# 50cc pro saw that can take a whoopin- ideas?



## 4x4American (Aug 28, 2012)

right now i gotta 362, an 066, an 045av super electronic, and a 171. I want something to tote around on the fourwheeler to clean up trails and to keep in the truck. It's gonna get beat up pretty good and used damn near daily. I'd like to run 3/8 chain on it since i have so many. I have been using stihl for a long time, my boss at the farm keeps trying to get me to switch to J-Red and my other friend who works in the tree care business is switching all his stihls to husky because he got a husky to use from a friend and loved it so much he tried out a few different ones and said that he loved them. I looked at the 550xp from husky, looks cool, havent ever picked one up. my boss from the farm thinks that for toting it on the wheeler and in the bed of the truck thinks i'd like a j-red 2156. Im thinking about buying new because then everything works on it and i dont have to fix nothin and hopefully will last long. me liking stihl, was thinking about the ms261. my mind is open at this point and i sure would love some advice!


----------



## Grouchy old man (Aug 28, 2012)

If you are not willing to take proper care of it don't waste your money, nothing is going to last. Just get yourself a Wild Thang and replace it when necessary. :msp_thumbsup:


----------



## cfield (Aug 28, 2012)

Try the husky 346xp, you'll love it!


----------



## 4x4American (Aug 28, 2012)

Grouchy old man said:


> If you are not willing to take proper care of it don't waste your money, nothing is going to last. Just get yourself a Wild Thang and replace it when necessary. :msp_thumbsup:



im gonna take good care of it, its just gonna spend some time settin on the gun rack of my fourwheeler sideways and most proberly in the cab of my truck on the seat occasionally in the bed when i got my women in the cab. if im spendin that much on a new saw i'm gonna take good care of it that's fer sure.


----------



## 4x4American (Aug 28, 2012)

cfield said:


> Try the husky 346xp, you'll love it!



I cant seem to see much difference b/n the 346 and the 550 from huskys website, whats the difference? husky dont have price for the 550 there either. also, whats the deal with this autotune? on huskys website it shows them taking somethin out an puttin somethin back in, didnt say what it was. i figured it was some sorta ecm. thanks for the help!


----------



## 4x4American (Aug 28, 2012)

i think that its between the ms261 or the 346xp. i read a comment on a youtube video sayin that the husky is a great saw, cuts faster, good air filtration, but it rattles itself apart over time and you have to keep tightening it back up. The sithl on the other hand is a bit slower with worse air filtration but will last lifetime. any thoughts?


----------



## D&B Mack (Aug 29, 2012)

4x4American said:


> i think that its between the ms261 or the 346xp. i read a comment on a youtube video sayin that the husky is a great saw, cuts faster, good air filtration, but it rattles itself apart over time and you have to keep tightening it back up. The sithl on the other hand is a bit slower with worse air filtration but will last lifetime. any thoughts?

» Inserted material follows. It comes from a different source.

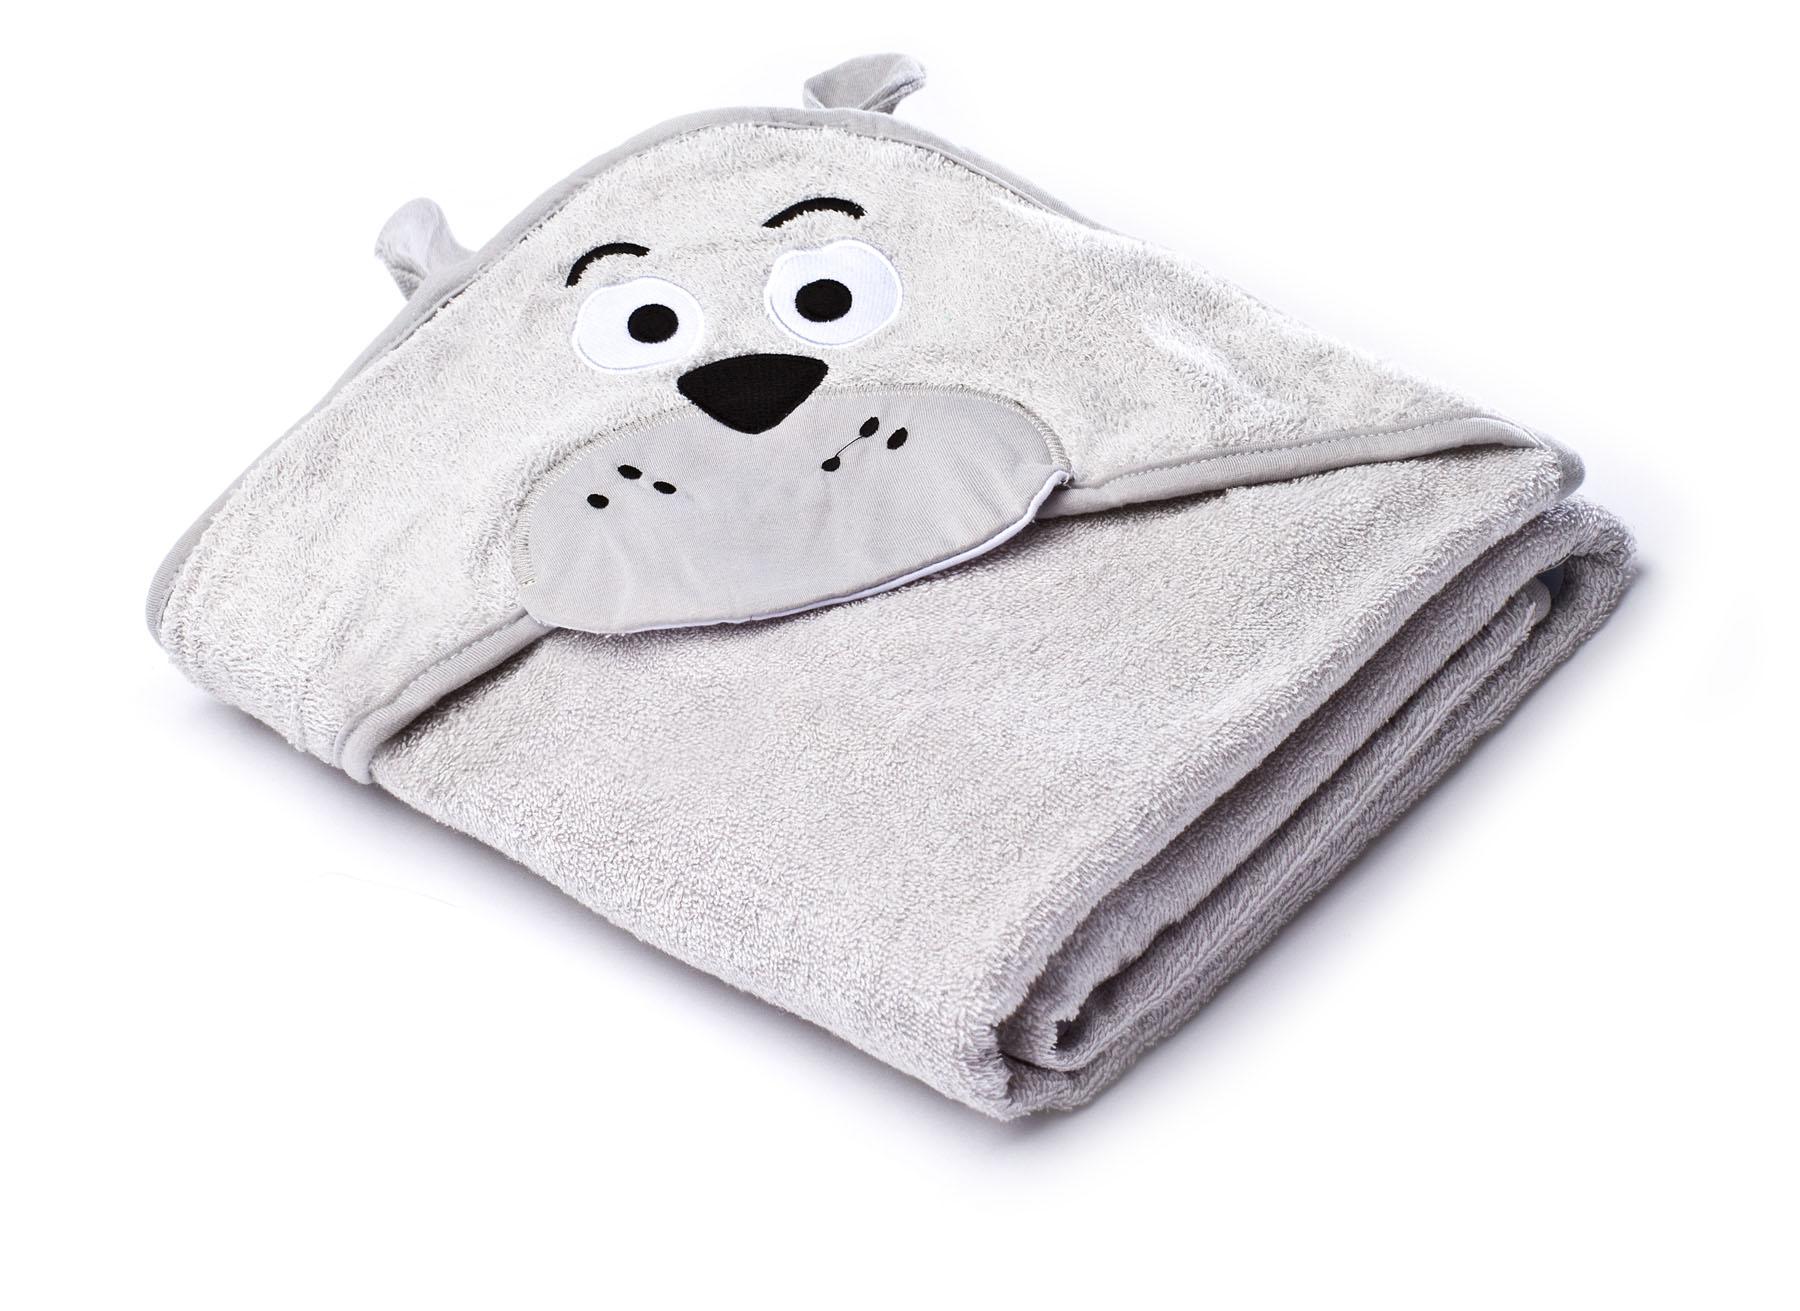 Water Friends soft bath towel – gray teddy bear

Stihl _basically_ copied Husky's design for air filtration, so the Stihl's filtration is up to par with Husky on this saw. I have owned both, neither will disappoint. 

But if you are looking for a true trail saw and it is going to get beat up bad, I wouldn't waste a good saw on that. Regardless of quality, no saw is designed to take that type of abuse. I would want something that is cheap to replace, but parts are good enough to keep as spares when buying a new unit.

I would look at Dolmar or Echo.


----------



## cfield (Aug 29, 2012)

4x4American said:


> I cant seem to see much difference b/n the 346 and the 550 from huskys website, whats the difference? husky dont have price for the 550 there either. also, whats the deal with this autotune? on huskys website it shows them taking somethin out an puttin somethin back in, didnt say what it was. i figured it was some sorta ecm. thanks for the help!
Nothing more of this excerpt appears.